What you will do:
In the records below, find the line with "Apocalypsepost apocalyptic wallpapers" and repeat exactly every line from it through the line with "بازی INSIDE /". Pictures stay out.

Source material:
'''

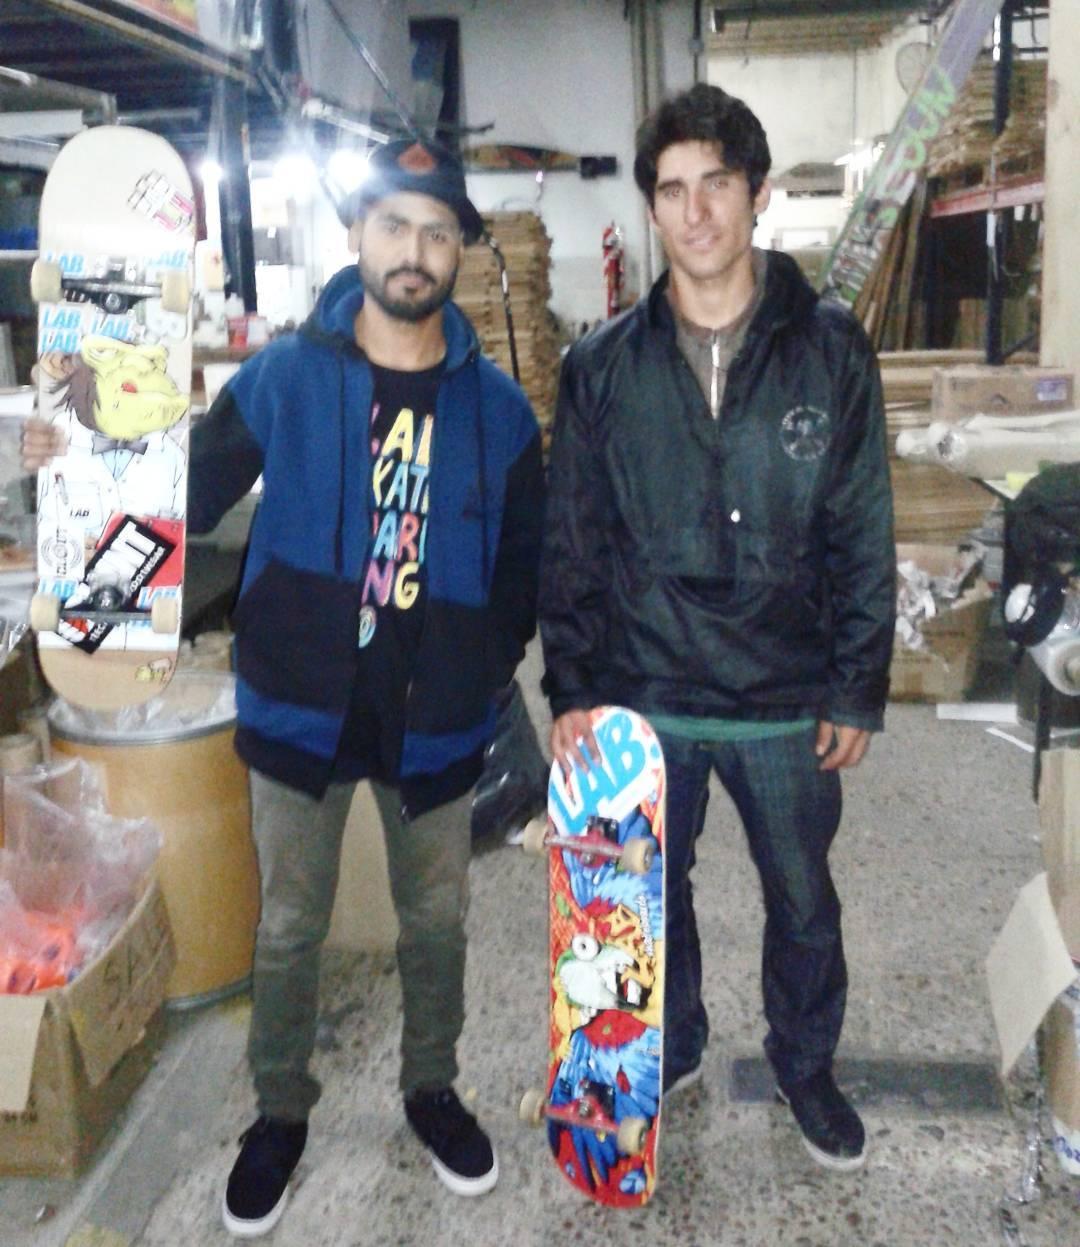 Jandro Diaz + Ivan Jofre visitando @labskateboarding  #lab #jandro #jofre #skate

'''
'''

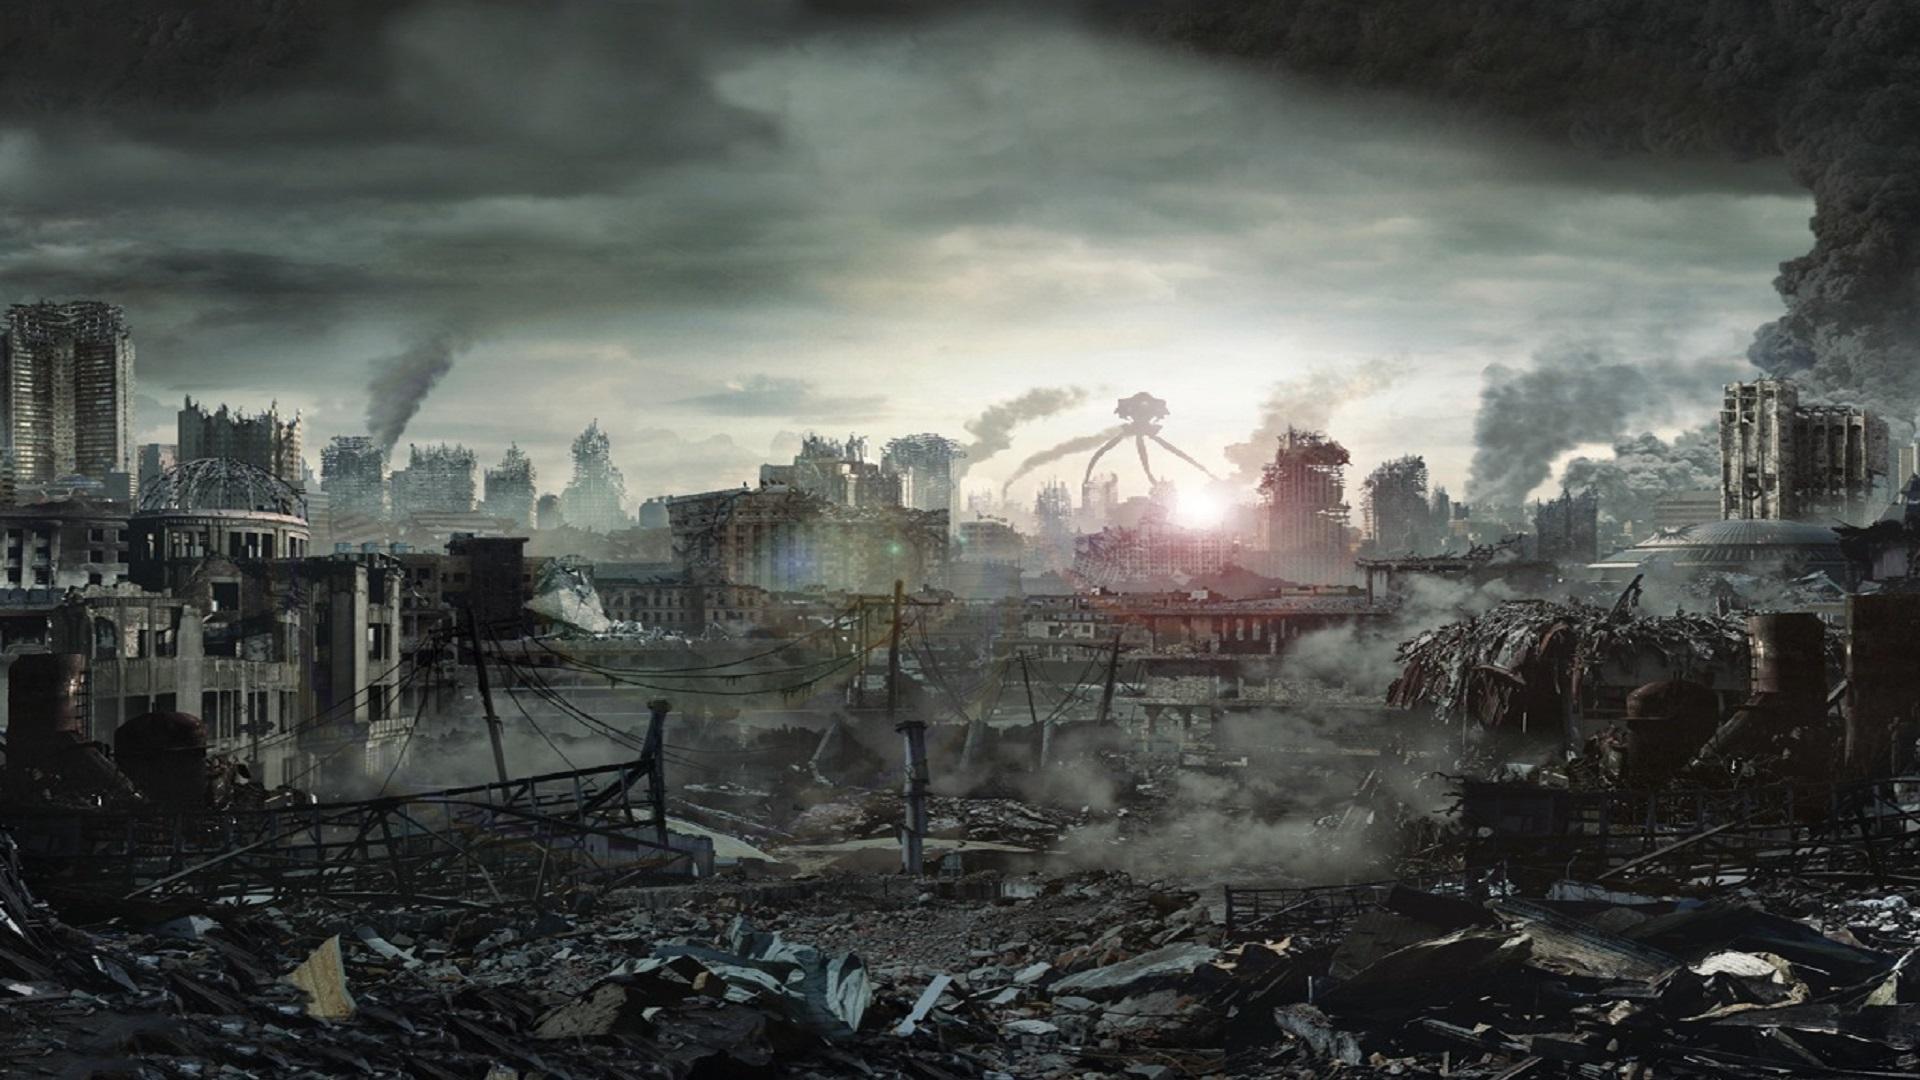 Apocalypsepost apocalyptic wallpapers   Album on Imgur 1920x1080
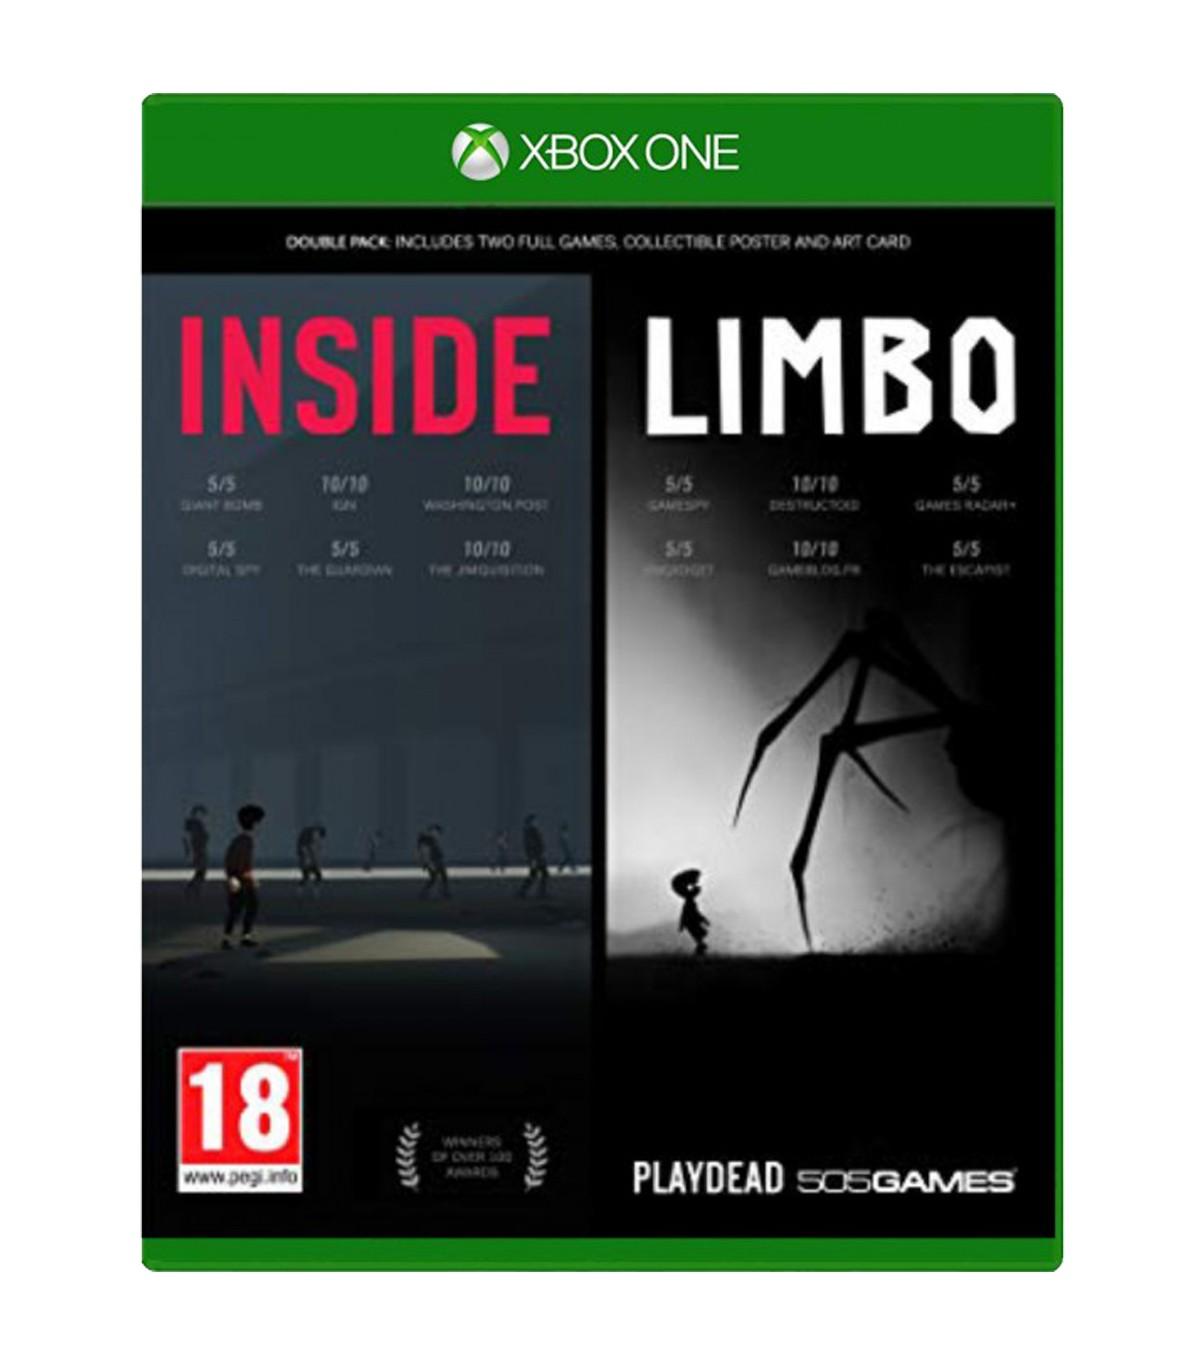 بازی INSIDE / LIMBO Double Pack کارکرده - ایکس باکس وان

'''

Solution:
 Apocalypsepost apocalyptic wallpapers   Album on Imgur 1920x1080
 بازی INSIDE / LIMBO Double Pack کارکرده - ایکس باکس وان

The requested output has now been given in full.